Шли пешком по берегу моря. Разговаривали. «У моря дру­гого берега нет»(Тимур).

Шли, шли и пришли наконец.

В — «Дальние страны».

Эта запись и повесть «Дальние страны», рассказы «Голу­бая чашка», «Чук и Гек» открывают богатство лиризма в душе автора, в его отношении к жизни вообще, к детям — в наи­большей степени, что не мешает гражданственному звуча­нию произведений. Любовь, сдержанная нежность Гайдара проявляются и в лаконичной, как в дневнике, конкретности языка; во внимании к речи детей (в дневнике: «Уморя другого берега нет» — Тимур); в точности, в естественности интона­ции; в синтаксическом построении фраз, передающих осо­бенности мировосприятия ребенка: «Зимою очень скучно. Разъезд маленький. Кругом лес. Заметет зимою, завалит сне­гом — и высунуться некуда. Одно только развлечение — с горы кататься. Но опять, не весь же день с горы кататься? Ну прокатился раз, ну прокатился другой, ну двадцать раз про­катился, а потом все-таки надоест, да и устанешь. Кабы они, санки, и на гору сами вкатывались. А то с горы катятся, а на гору — никак» — это начало повести «Дальние страны».

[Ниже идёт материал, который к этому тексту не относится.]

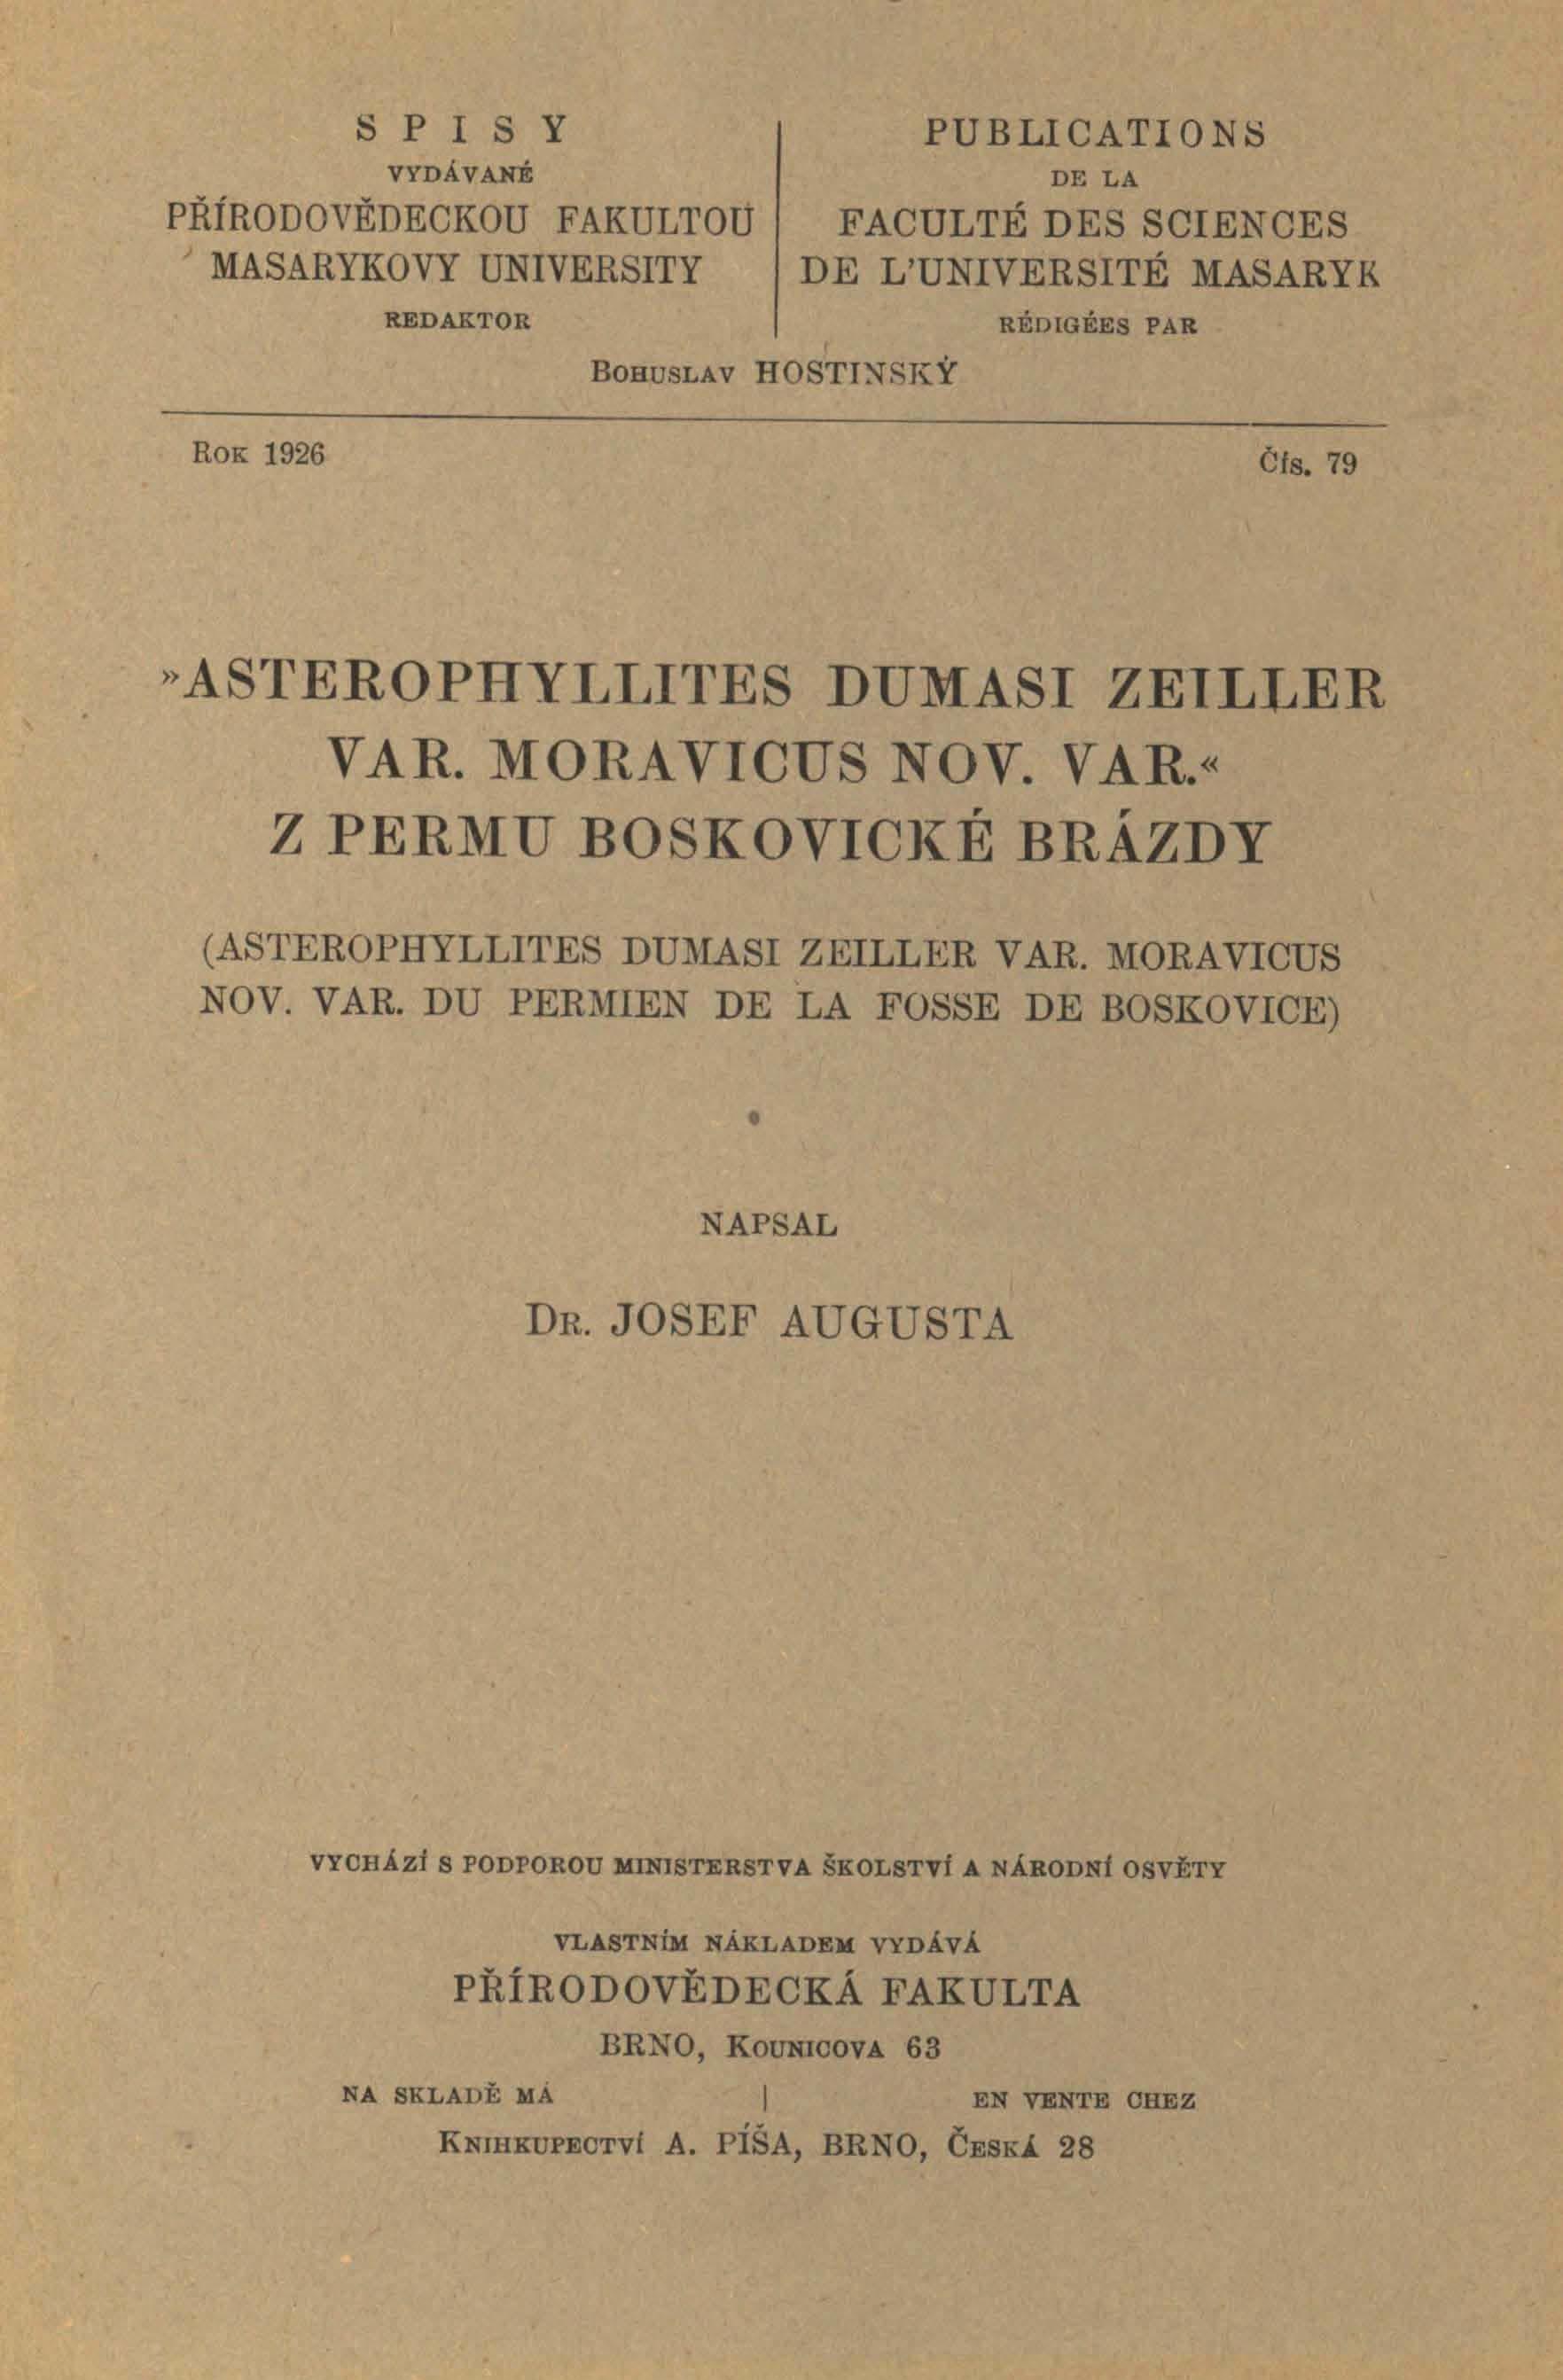 Obálka pro Asterophyllites Dumasi Zeiller var. moravicus nov. var. z permu boskovické brázdy

Действительно, беда, если санки в гору не катятся. Здесь нет иронии. Писатель и сам именно так расценивает труд­ность катания с горы. В нем жива память детства. Она сохра­няет не столько факты, сколько именно состояние души, чув­ствования, ощущения: было хорошо, уютно, тепло, радостно или было плохо; помнится, что все это было неприятно, как-то грустно; хотелось или не хотелось... Вот и здесь, в повес­ти: «Петька да Васька дружили. А Сережка вредный был. Драться любил». Так рассказчик вводит читателя в свои вос­поминания-чувствования. Все естественно, правдиво и про­сто. Далее в повести разворачиваются события необыкновен­ные — идет энергичное строительство, принципиально изме­няющее жизнь разъезда. Дети не наблюдатели, хотя и наблюдать за происходящими изменениями интересно. Они включаются в дела взрослых и случайно, и сознательно... Сюжет увлекает, потому что конфликты мальчишек натураль­ны. Еще бы: «Дальние страны, те, о которых так часто мечта­ли ребятишки, туже и туже смыкали кольцо, надвигались на безымянный разъезд № 216». В итоге он «с сегодняшнего дня Уже не разъезд, а станция «Крылья самолета», и Алешине, и новый завод, и эти люди... и Петька — все это части одного огромного и сильного целого, того, что зовется Советской страной».

Любить и беречь свою страну. Рассказ «Чук и Гек» (1939) — одно из самых лучших творений писателя. Прозрачно чис­тый, точный язык. Светлый юмор. Лирическая интонация. Занимательна загадочная напряженность неизвестности даже самых ближайших событий. Буквально солнечная детская ра­дость открытия братьями новых мест, новых людей. Сама по себе поездка в ту сказочную «далекую советскую Сибирь», куда возгласами «Счастливого пути!» провожали скорые поезда маль­чишки с разъезда № 216, а потом со станции «Крылья самоле­та»... А за всем за этим, за словами ~ ласковая и лукавая улыб­ка автора. Он все понимает и все знает наперед. Но он чувст­вует, переживает все так же зажигательно непосредственно, как и реальные герои семейного путешествия в тайгу, где за­просто можно наткнуться на волка или на медведя.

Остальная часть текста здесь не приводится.